The safety and scientific validity of this study is the responsibility of the study sponsor and investigators. Listing a study does not mean it has been evaluated by the U.S. Federal Government. Know the risks and potential benefits of clinical studies and talk to your health care provider before participating. Read our disclaimer for details. Identifier: NCT02410733
Recruitment Status : Recruiting
First Posted : April 8, 2015
Last Update Posted : July 17, 2018
Information provided by (Responsible Party):
Biontech RNA Pharmaceuticals GmbH

Brief Summary:
The purpose of this study is to determine the safety and tolerability of intravenous administration of a tetravalent RNA-lipoplex cancer vaccine targeting four tumor-associated antigens in patients with advanced melanoma.
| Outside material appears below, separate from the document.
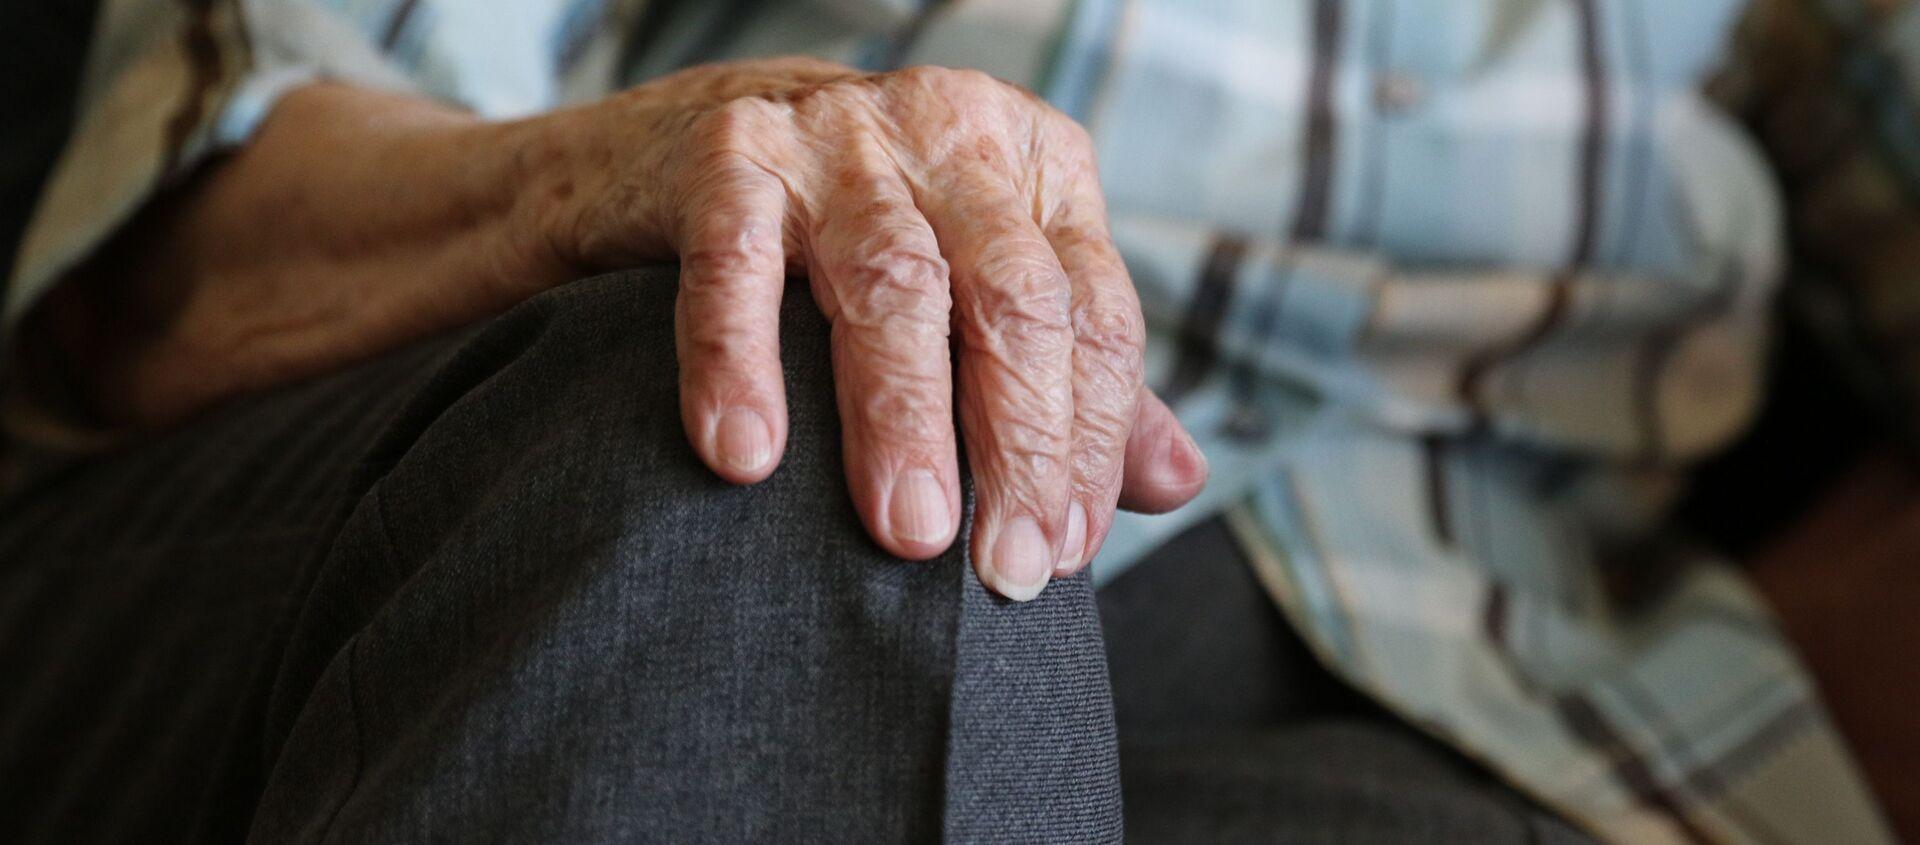 100歳以上生きるコツ 長寿を支える要因が調査で明らかに - Sputnik 日本, 1920, 12.02.2021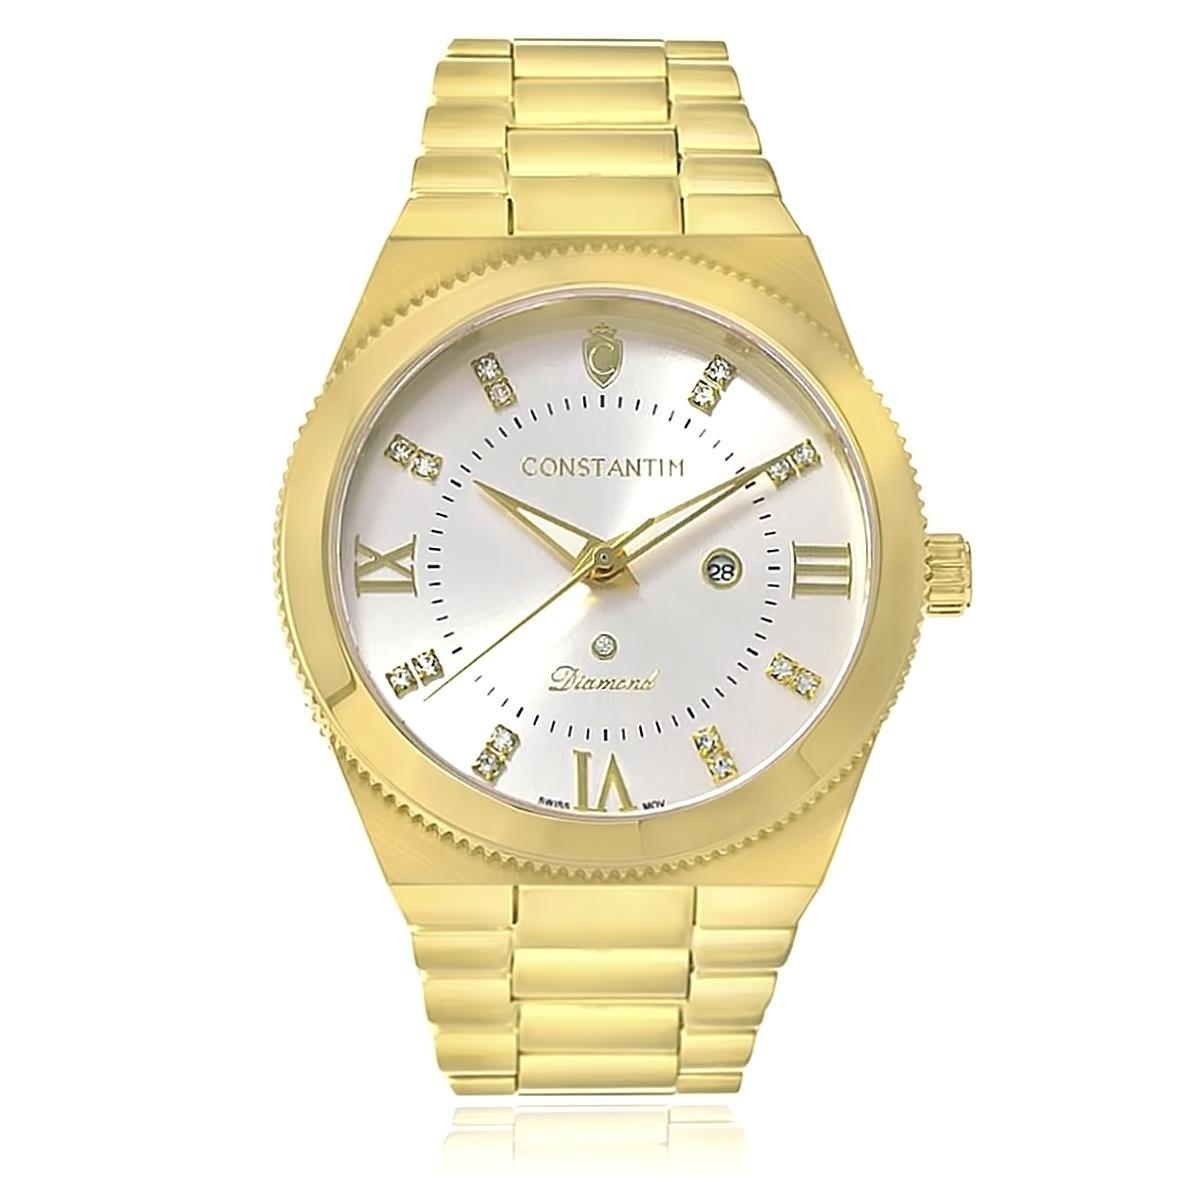 316da3e7fcf relógio constantim diamond gold silver analógico 6651-gs dou. Carregando  zoom.

Condition or disease Intervention/treatment Phase
Melanoma Biological: Lipo-MERIT Phase 1

Detailed Description:
  • The Lipo-MERIT vaccine consists of the four naked ribonucleic acid (RNA)-drug products (DPs) RBL001.1, RBL002.2, RBL003.1, and RBL004.1 that are optimised to induce antigen-specific CD8+ and CD4+ T cell responses against four selected malignant melanoma-associated antigens respectively.
  • In this study, naked RNA DPs will be formulated with liposomes to form RNA-lipoplexes (RNA(LIP)) that (i) protect RNA from degradation in the serum, (ii) enable in vivo targeting of systemic antigen-presenting cells (APC), and therefore (iii) constitute a novel vaccine formulation that supports intravenous administration.
  • The Lipo-MERIT vaccine is expected to lead to several effects contributing to its immunological (therapeutic) effect. First, the RNA-lipoplexes home to APCs in lymphoid organs after intravenous injection, where they are rapidly taken up by professional APCs. Incorporated RNA is translocated to the cytoplasm leading to its translation by the host ribosome complex into four Antigen encoding proteins which are processed and presented on both HLA-class I as well as HLA-class II molecules. Consecutively, antigen-specific CD8+ and CD4+ T cell responses will be triggered by HLA-peptide complexes on the surface of antigen-presenting cells.
  • In addition, the Lipo-MERIT vaccine is expected to transiently activate APCs (change of surface marker expression and cytokine secretion) via signalling of TLRs, subsequently leading to the transient induction of inflammatory cytokines (such as IFN-α and IP-10) supporting the induction of tumour-antigen specific T cell responses.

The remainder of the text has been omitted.